La chanteuse, compositrice et actrice espagnole Silvia Pérez Cruz a offert ce dimanche un concert unique à l'Église de San Francisco el Nuevo, située au coin des rues Cuba et Amargura, à La Havane Vieille, en pleine crise multidimensionnelle que traverse l'île.
Le récital, qui a débuté à six heures de l'après-midi, a été décrit par le professeur cubain Julio César González Pagés comme « un acte de foi » dans une publication sur Facebook. « Aujourd'hui, j'ai été invité à un acte de foi au coin des rues Cuba et Amargura, quelle coïncidence incroyable, dans La Havane Vieille. Un ange est arrivé en volant depuis Barcelone pour partager sa voix, sa musique et son amour », a écrit Pagés, présent lors de l'événement.
La église a été choisie délibérément pour son acoustique naturelle et, surtout, pour ne pas dépendre du réseau électrique national. La scène s'est révélée symbolique : ce même dimanche, les coupures de courant à Cuba affectaient une grande partie du territoire de l'île en simultané, avec des interruptions pouvant dépasser 20 heures, et la disponibilité de génération électrique atteignait à peine 1 032 MW face à une demande nettement supérieure.
Le concert s'est déroulé éclairé à la bougie et chanté presque à pleine voix, sans amplification électrique. Le professeur Pagés, historien et écrivain éminent, a partagé son expérience sur les réseaux sociaux et a souligné qu'avec cette simplicité, « il n'a pas eu besoin de plus pour nous faire voler et nous sortir de la routine assassine » ; il a également souligné que Silvia « a démontré que lorsqu'on aime un peuple, on cherche à être avec lui dans ses pires moments sans discours […] manichéens ».

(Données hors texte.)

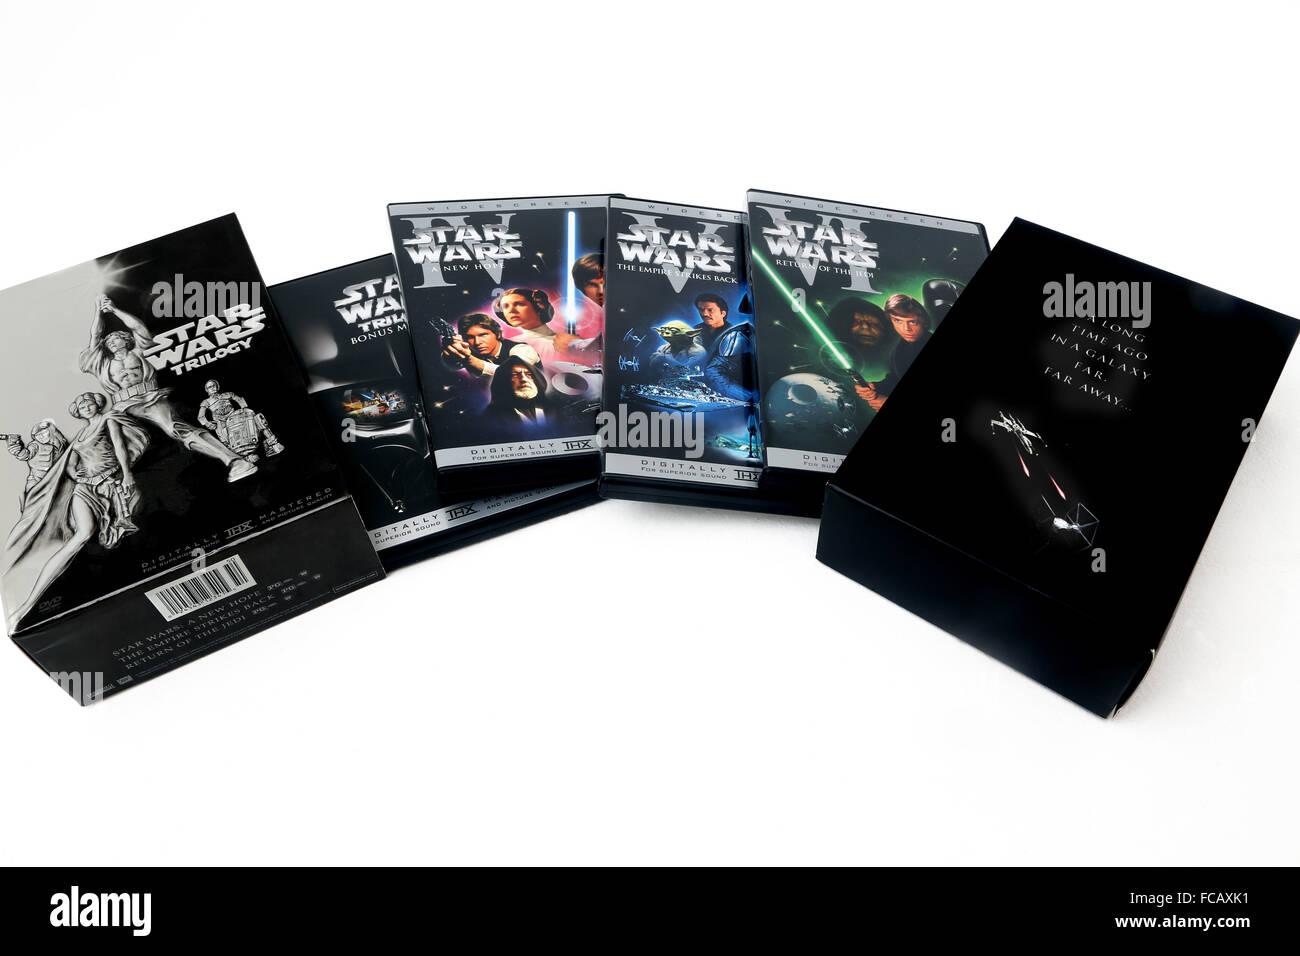 Star Wars Dvd Box

Trois musiciens ont accompagné l'artiste sur scène : Bori Alberto à la contrebasse, Marta Roma au violoncelle et Carlos Monfort au violon. L'académicien cubain les a décrits sans détour : « Les trois musiciens qui l'accompagnent transpiraient à grosses gouttes et sonnaient comme des dieux ». Le programme a inclus des chansons de son dernier album, Oral_Abisal, des morceaux emblématiques de sa discographie et d'autres thèmes.
Le public, qui a attendu pendant des heures devant les portes de l'église avant le début, n'a cessé d'applaudir et de crier des encouragements à aucun moment, selon le même témoignage. L'événement était gratuit et a bénéficié du soutien de la Fondation SGAE, de l'Ambassade d'Espagne à Cuba, de l'Agence Espagnole de Coopération Internationale pour le Développement (AECID) et de l'Institut Cubain de la Musique.
La propre Silvia Pérez Cruz avait anticipé la dimension émotionnelle de ce rendez-vous. Dans des déclarations à l'agence EFE, elle a affirmé : « Je pense que c'est le concert le plus important de toute la tournée ». Elle a ajouté : « J'ai une relation intime avec cette île, je veux en prendre soin comme je le sais, c'est-à-dire en chantant ».
Ce lien avec Cuba a des racines familiales. Son père, Càstor Pérez, était chercheur, compositeur de habaneras et expert en musique cubaine, et il lui a appris à quatre ans « La tarde », du compositeur de la trova traditionnelle Sindo Garay. Silvia a enregistré ce morceau en 2010 en hommage à son père, décédé cette même année, après avoir parcouru l'île ensemble. En juillet 2026, elle a annoncé le concert habanero sur les réseaux sociaux avec le message « Cuba chère, Cuba aimée », accompagné d'une vidéo où elle interprète ce thème.
La halte à La Havane fait partie d'une tournée latino-américaine qui a débuté à Mexico et continuera en République dominicaine, au Chili, en Argentine et au Brésil. À peine deux jours avant le concert à La Havane, l'artiste avait performé devant 17 000 personnes au Hollywood Bowl de Los Angeles, lors d'un au revoir à Gustavo Dudamel en tant que directeur musical et artistique de l'Orchestre philharmonique de cette ville.
Le contexte énergétique entourant le concert n'est pas anodin : Cuba a accumulé sept collapses totaux du Système Électrique National depuis le début de 2026, dont deux ont été enregistrés au début d'août. Le 4 de ce mois, un record d'affection réelle de 2 411 MW a été atteint. Face à cette réalité, le professeur González Pagés, commentateur actif de la réalité cubaine sur ses réseaux, a clôturé son récit par une phrase qui résume le sentiment de beaucoup : « Merci Silvia, je n'oublierai jamais ton geste envers ma tribu, amour avec amour se paye ».